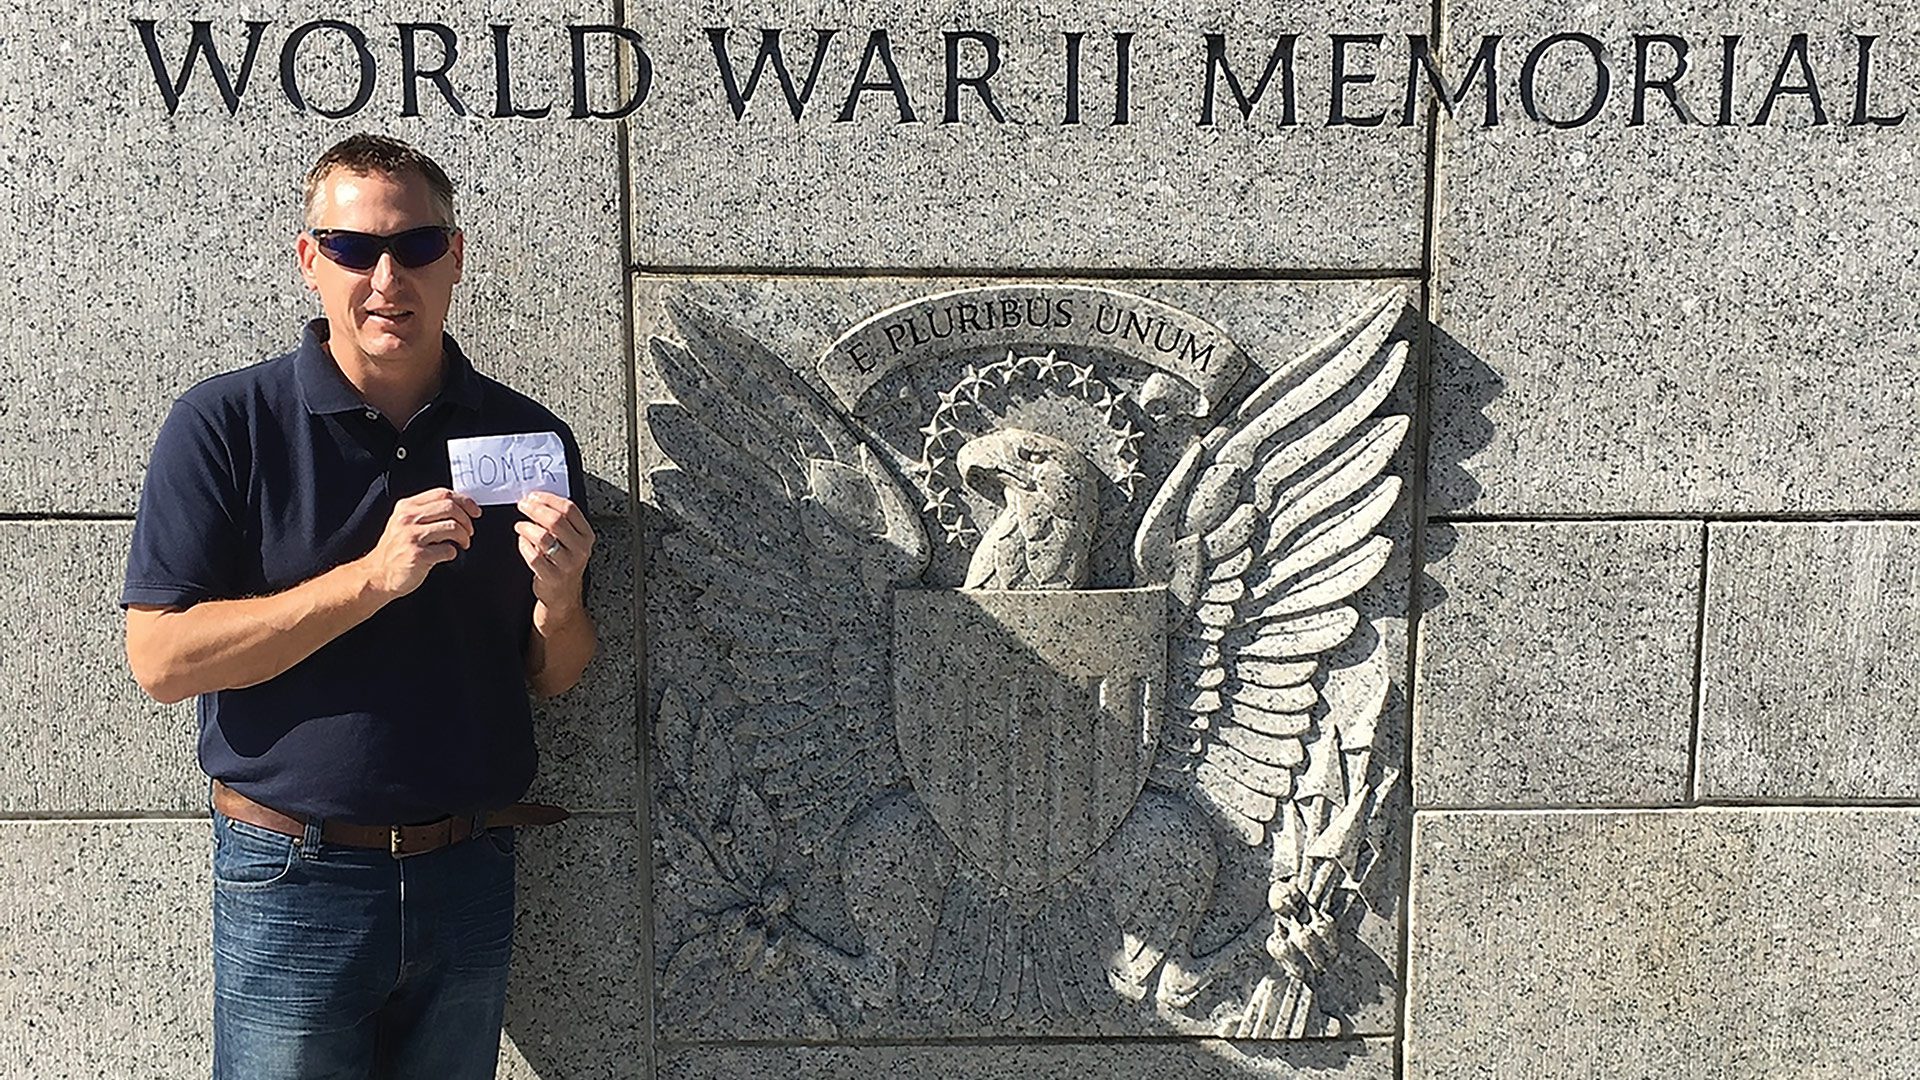 Dr. Mark Kenton holds up a card with the name ‘Homer’ on it at the World War II memorial
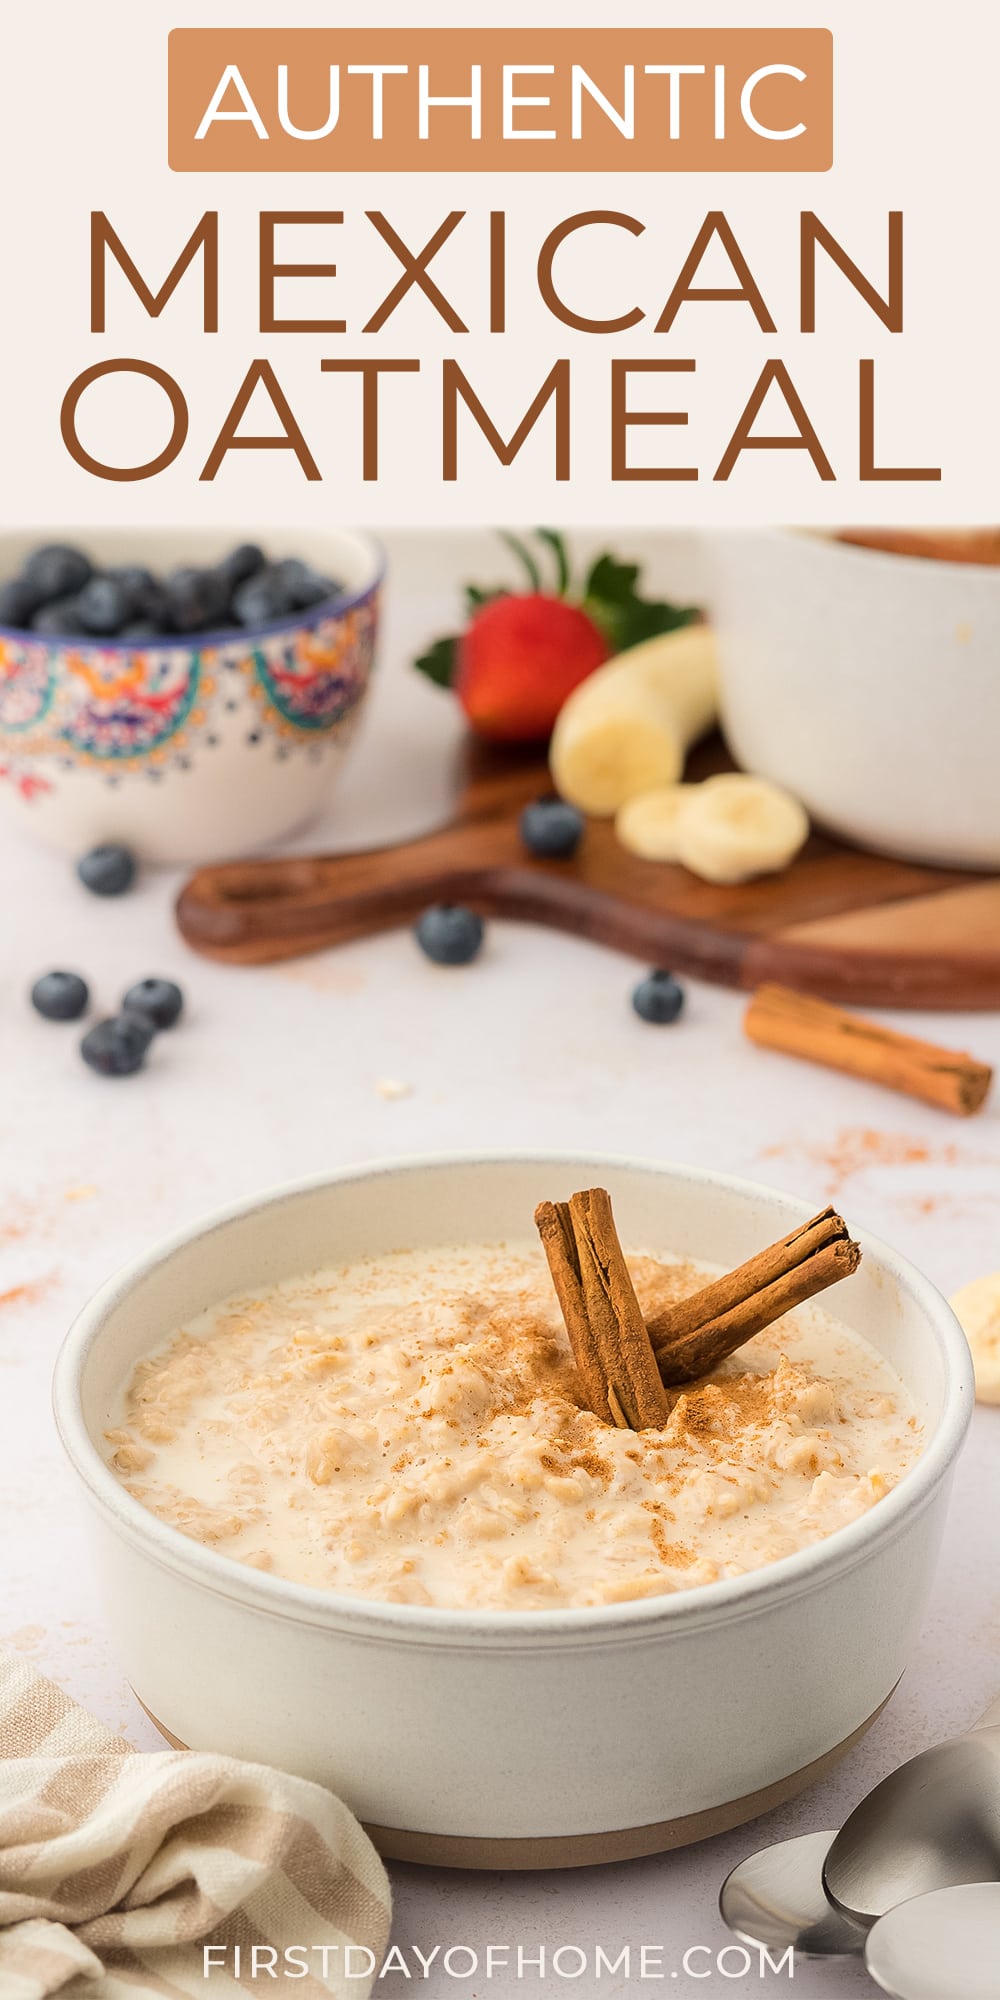 Bowl of Mexican oatmeal (avena) shown with cinnamon sticks and fruit in the background.
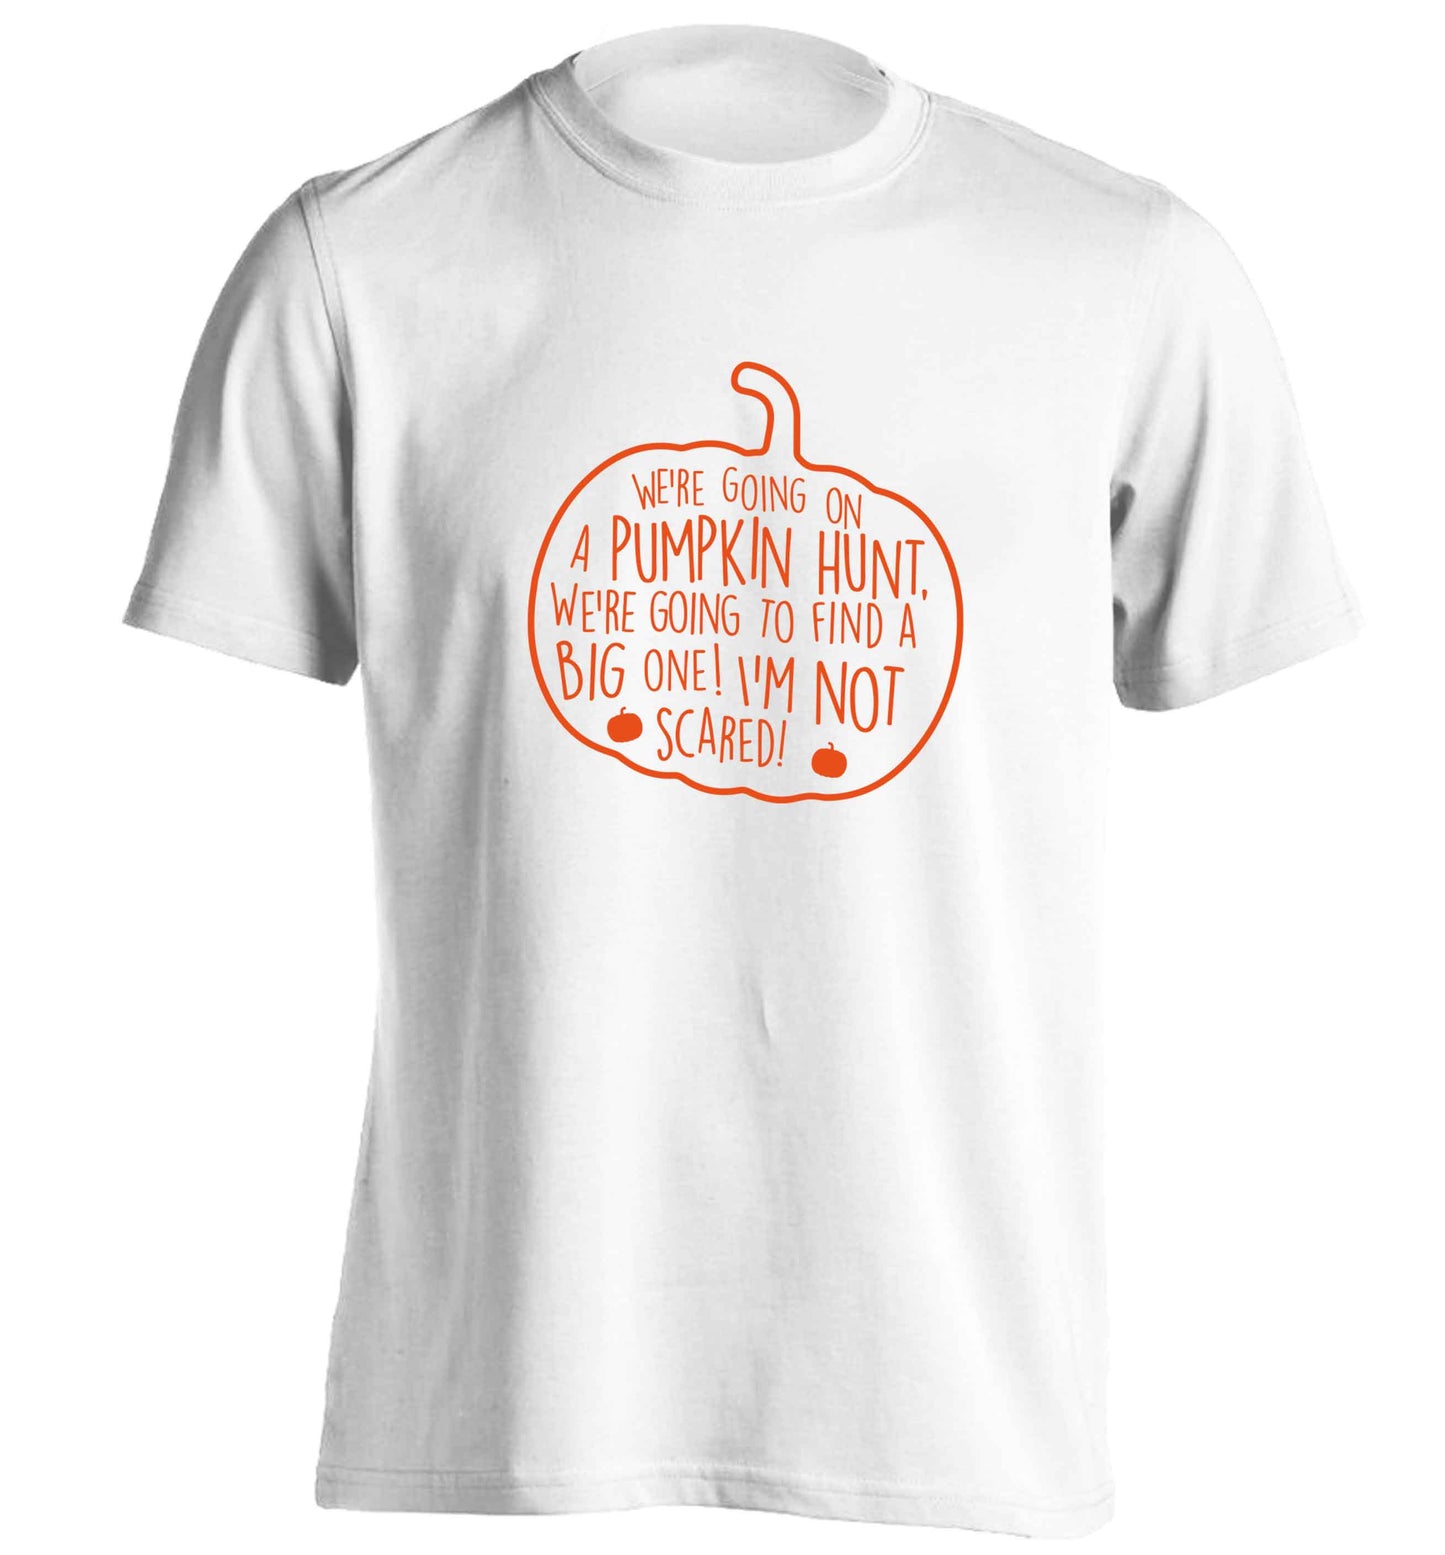 We're going on a pumpkin hunt adults unisex white Tshirt 2XL
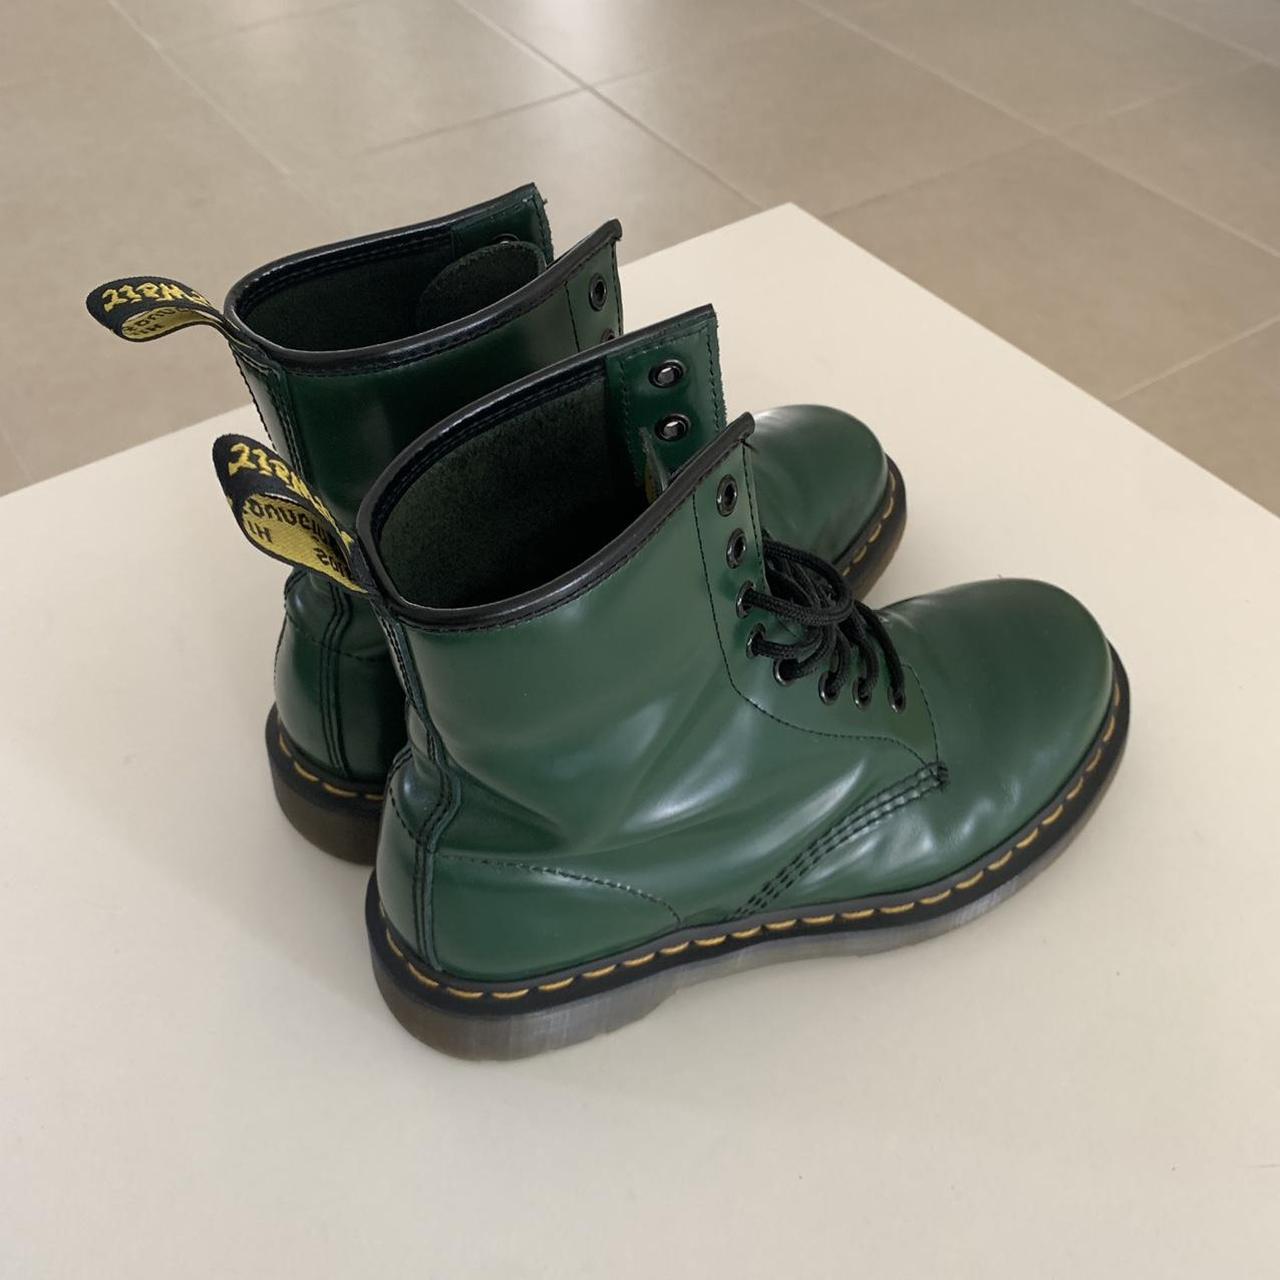 Green 1460 Smooth Dr Marten Boots. Great condition,... - Depop

What you should do.
Please copy out the whole listing exactly, minus its pictures.

Your response.
 Dr. Mark Kenton holds up a card with the name ‘Homer’ on it at the World War II memorial
 Bowl of Mexican oatmeal (avena) shown with cinnamon sticks and fruit in the background.
 We're going on a pumpkin hunt adults unisex white Tshirt 2XL
 Green 1460 Smooth Dr Marten Boots. Great condition,... - Depop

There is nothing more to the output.